Method call overhead doesn't account for 2 minutes when N was only set to 1000. At 100,000 times, URI parsing only takes a few seconds.

# parse curi.us ran in: 4.434573 seconds.
# parse follow the chain ran in: 8.940227 seconds.

timing('parse curi.us'){100_000.times do
   URI.parse("curi.us")
end}
timing('parse http://www.pythonchallenge.com/pc/def/linkedlist.php&#39;\){100_000.times do
   URI.parse("http://www.pythonchallenge.com/pc/def/linkedlist.php&quot;\)
end}

-- Elliot Temple

···

On Jul 3, 2006, at 11:50 PM, Logan Capaldo wrote:

Well of course the second one takes longer. It parses the URI and then does the same thing as the first. There's at least one more method call involved with the second every time through the the loop.

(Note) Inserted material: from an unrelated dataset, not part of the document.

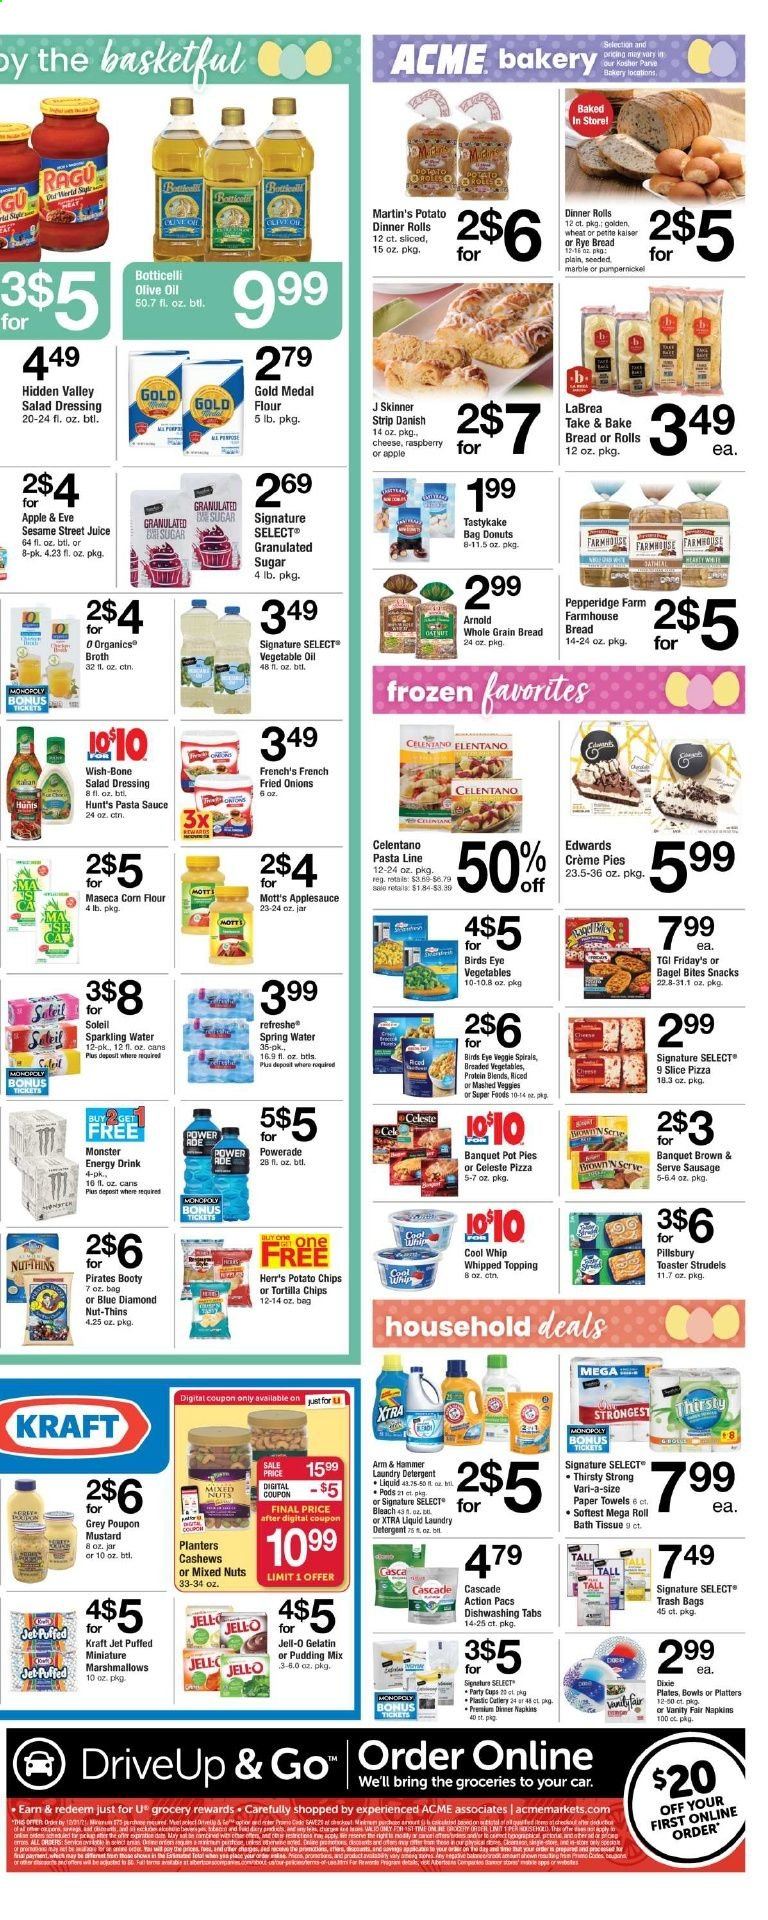 thumbnail - ACME Flyer - 04/02/2021 - 04/08/2021 - Sales products - bread, dinner rolls, bagels, pot pie, donut, danish pastry, corn, pizza, pasta sauce, sauce, Pillsbury, Bird's Eye, Kraft®, sausage, cheese, pudding, Cool Whip, marshmallows, tortilla chips, potato chips, snack, Thins, ARM & HAMMER, flour, granulated sugar, sugar, corn flour, topping, Jell-O, broth, Skinner Pasta, mustard, salad dressing, dressing, ragu, vegetable oil, apple sauce, cashews, mixed nuts, Planters, Blue Diamond, Powerade, juice, energy drink, Monster, Monster Energy, Mott's, spring water, sparkling water, Celeste, napkins, bath tissue, kitchen towels, paper towels, detergent, Cascade, bleach, laundry detergent, XTRA, Jet, trash bags, plate, Sesame Street, gelatin, toaster, bag, Monopoly, onion. Page 3.

I don't know. But I started testing with n=1 and an outer loop, so the Net::HTTP.start is repeated, and net/http is still winning (by more than URI parsing accounts for).

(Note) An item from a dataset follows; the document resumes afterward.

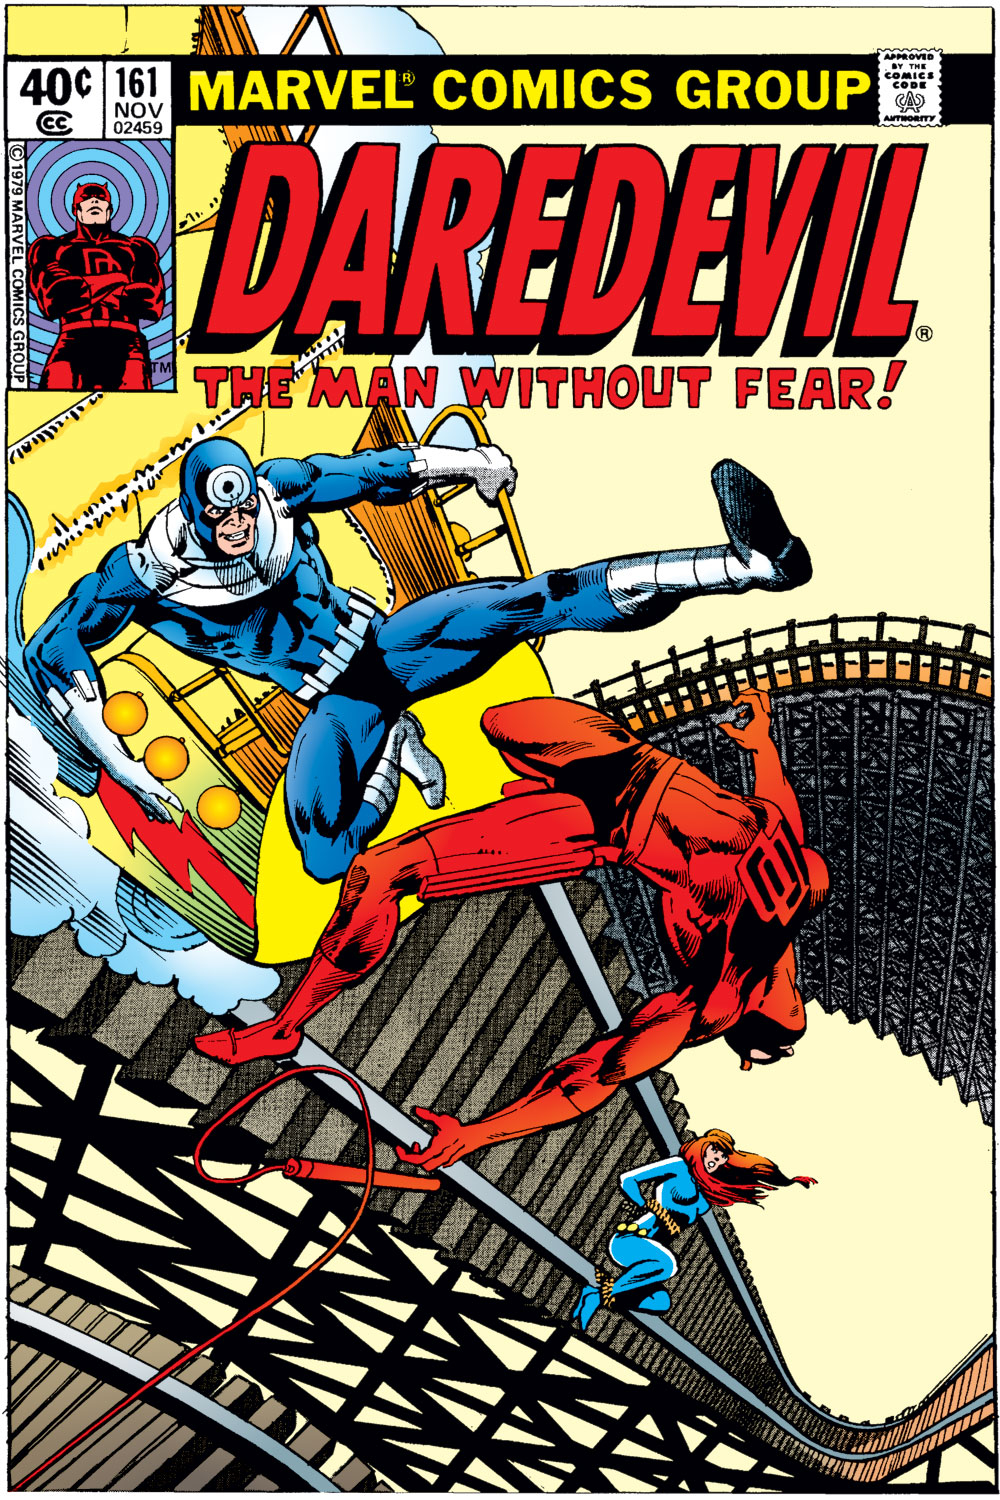 Daredevil The Man Without Fear! Vol. 1 Issue #161 "To Dare the Devil" (1979), Marvel Comics. Words by Roger McKenzie. Art by Frank Miller, Klaus Janson, and Glynis Wein

I will run some longer tests later to get more accurate data (and intermix doing it each way to minimise the effect of random net traffic fluctuations). I will use a static page as Robert suggested.

-- Elliot Temple

···

On Jul 4, 2006, at 2:26 AM, Carlos wrote:

Elliot Temple wrote:

I just discovered this. Lots of people already know, I'm sure, but maybe some don't.
# net/http ran in: 128.734298 seconds.
# open-uri ran in: 268.869359 seconds.
require "net/http"
require "open-uri"
def timing(name)
  start_time = Time.now
  yield
  end_time = Time.now
  puts "#{name} ran in: #{end_time - start_time} seconds."
end
n = 1_000
timing("net/http") {Net::HTTP.start("www.pythonchallenge.com") do |http>
  n.times do |i|
    r = http.get("/pc/def/linkedlist.php")
  end
end}

Doesn't this version open the connection only once and then reuses it for all the requests?

Yeah but the first one uses a single object. The second one creates a new object everytime

···

On Jul 4, 2006, at 3:16 PM, Elliot Temple wrote:

Method call overhead doesn't account for 2 minutes when N was only set to 1000. At 100,000 times, URI parsing only takes a few seconds.